Serafina Cuomo: A Roman Engineer’s Tales
This article is an exercise in the historiography of ancient technical artefacts, beginning from
the examination of a second-century
A.D.
cippus inscribed with the story of a Roman
engineer, Nonius Datus, who designed and supervised the construction of an aqueduct in
Algeria. The first section looks at the aqueduct from the point of view of the history of
engineering. The second traces the history of the inscription as a document in the debate
about imperialism and technology. In the third section, the focus is on what Datus himself
was trying to communicate. The conclusion makes a case for considering ancient technical
artefacts from multiple perspectives.
Lieve van Hoof and Peter van Nuffelen: Monarchy and Mass Communication: Antioch
A.D. 362/3 Revisited
The A.D. 362/3 crisis in Antioch is usually interpreted as an economic or ideological crisis,
and Julian’s Misopogon as a ‘festive satire’ or ‘edict of chastisement’. This article situates the
root of the problem in a crisis of communication: Julian’s failure to communicate publicly as
expected in a situation that was tense because of the food shortage led to a short-circuit
between emperor and subjects. Whilst the Misopogon is Julian’s extraordinary post-factum
attempt to explain away this failure of ritualized communication on his part, Libanius’

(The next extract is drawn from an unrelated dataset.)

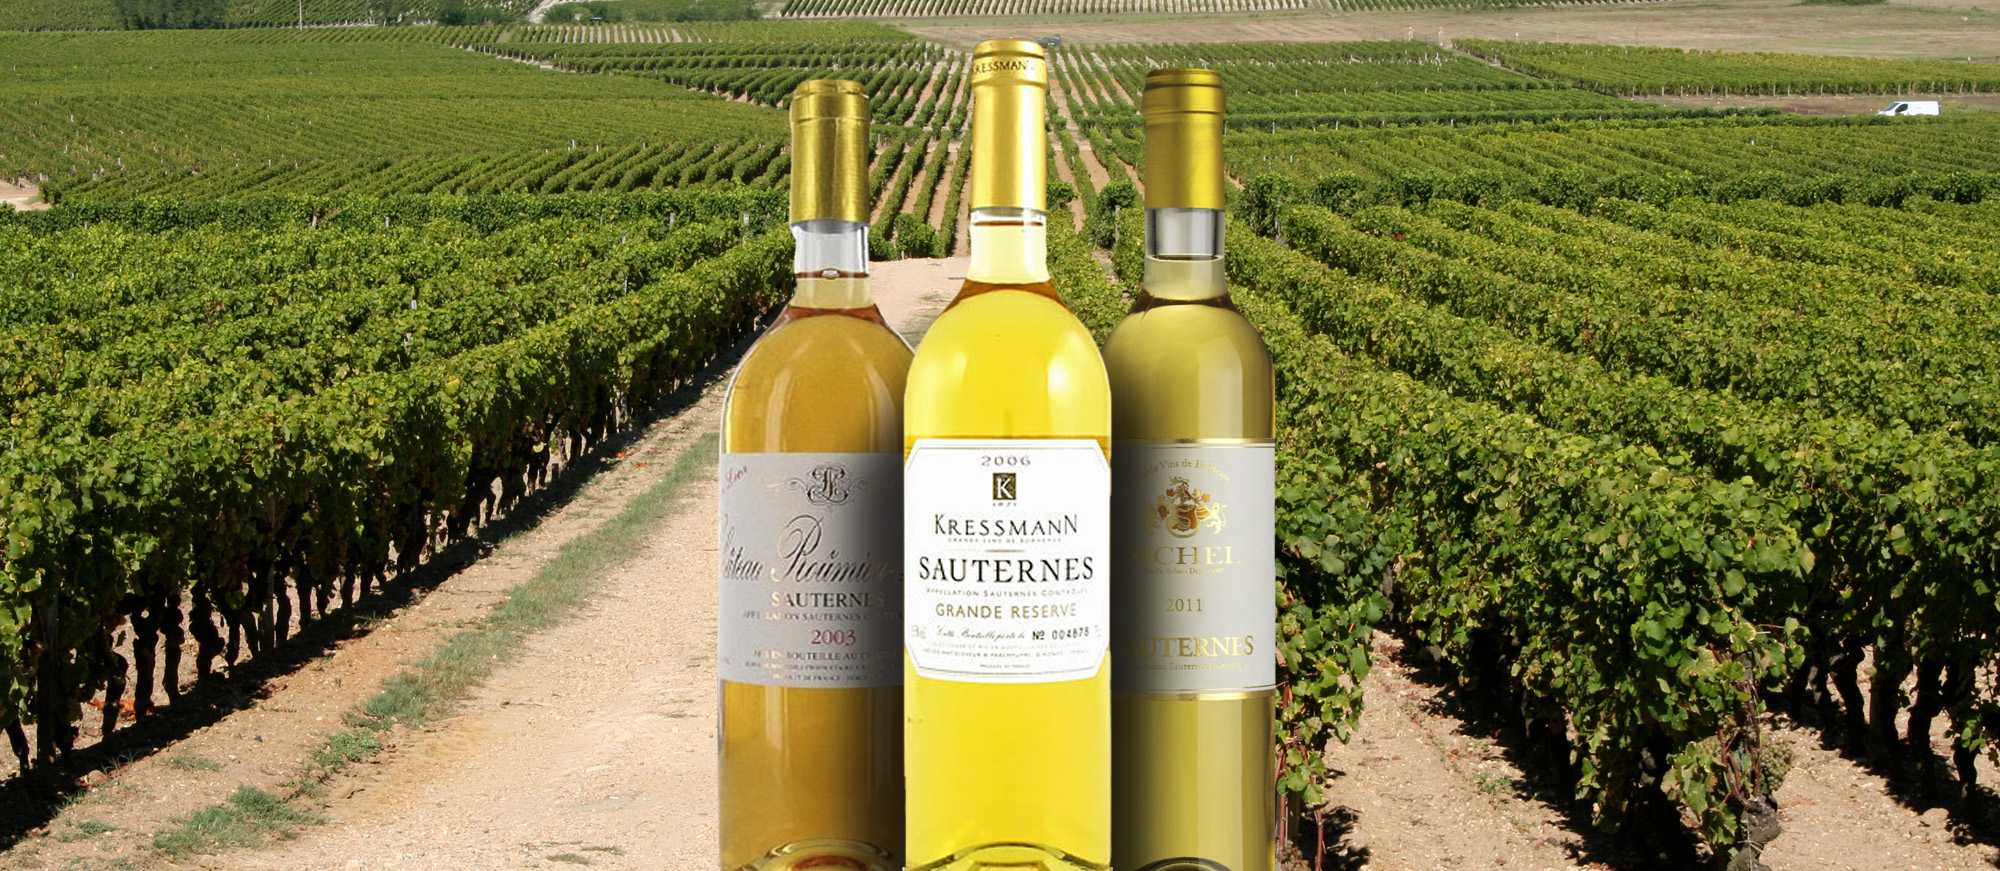 Белое сладкое вино сотерн (sauternes) из франции: как делают, с чем пить и подавать
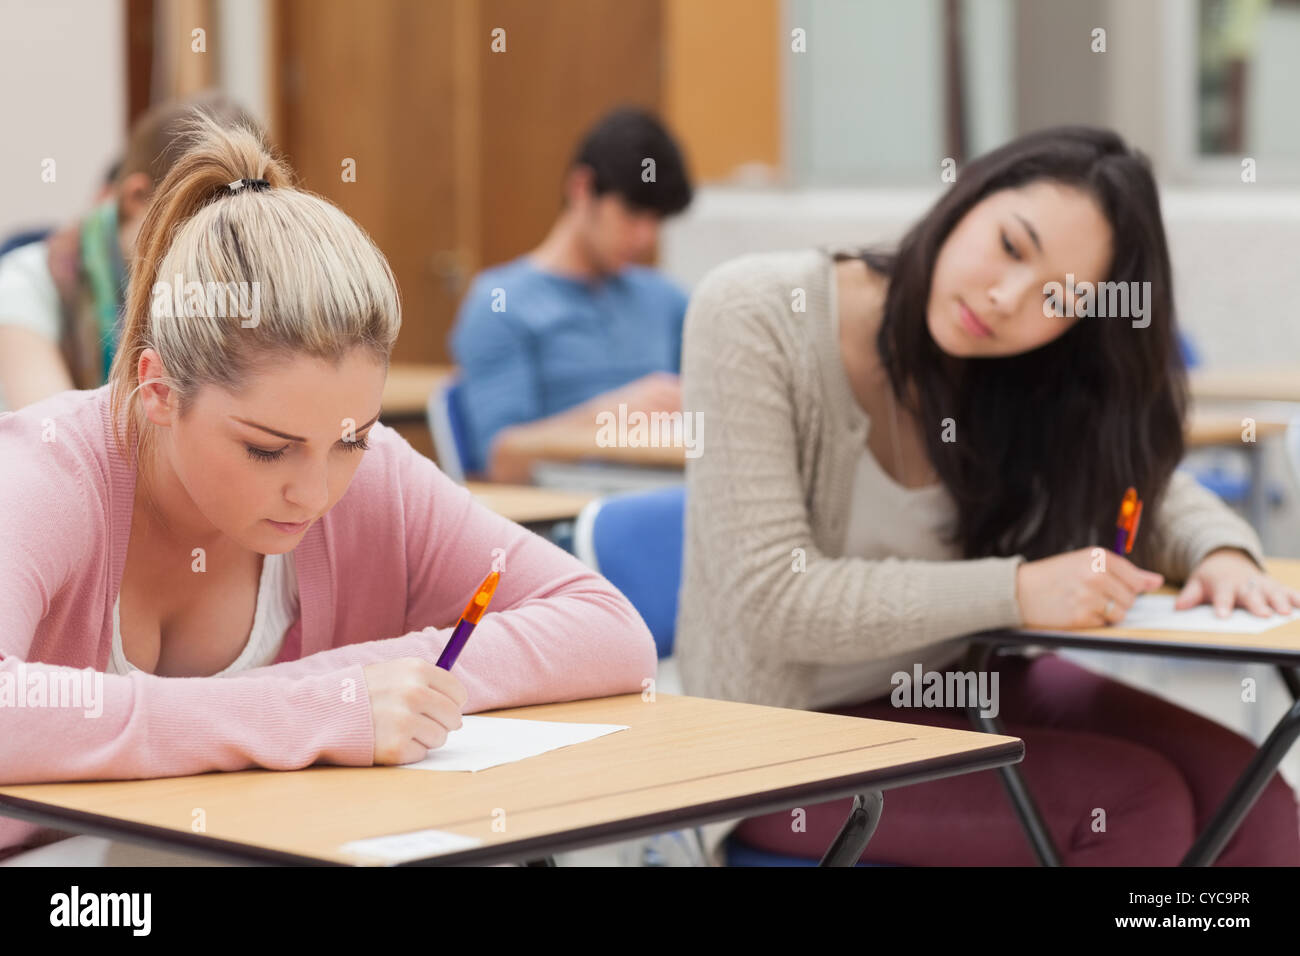 Brünette versucht, blonde Studentin in Prüfung zu kopieren Stockfoto

speeches on the topic seek to give a positive twist to the extraordinary nature of Julian’s
reply, which posed serious problems for emperor, city, and sophist alike.
Peter Thonemann: Amphilochius of Iconium and Lycaonian Asceticism
Non-orthodox Christian asceticism in Late Antiquity is known to us largely through the
distorting lens of orthodox heresiology. This paper aims to reassess the character of the
ascetic communities of rural Lycaonia in the fourth century A.D. in the light of the surviving
funerary and ecclesiastical epigraphy, including three inscriptions published here for the first
time. We are fortunate to be able to read these texts in the light of a neglected work of
orthodox polemic, Amphilochius’ Against False Asceticism, the work of an embattled
orthodox bishop at Iconium in the late 370s A.D. This treatise formed part of a successful
campaign to stigmatize the Lycaonian ascetics as heretics, a position which was enshrined in
Theodosius’ anti-heretical legislation of A.D. 381–3.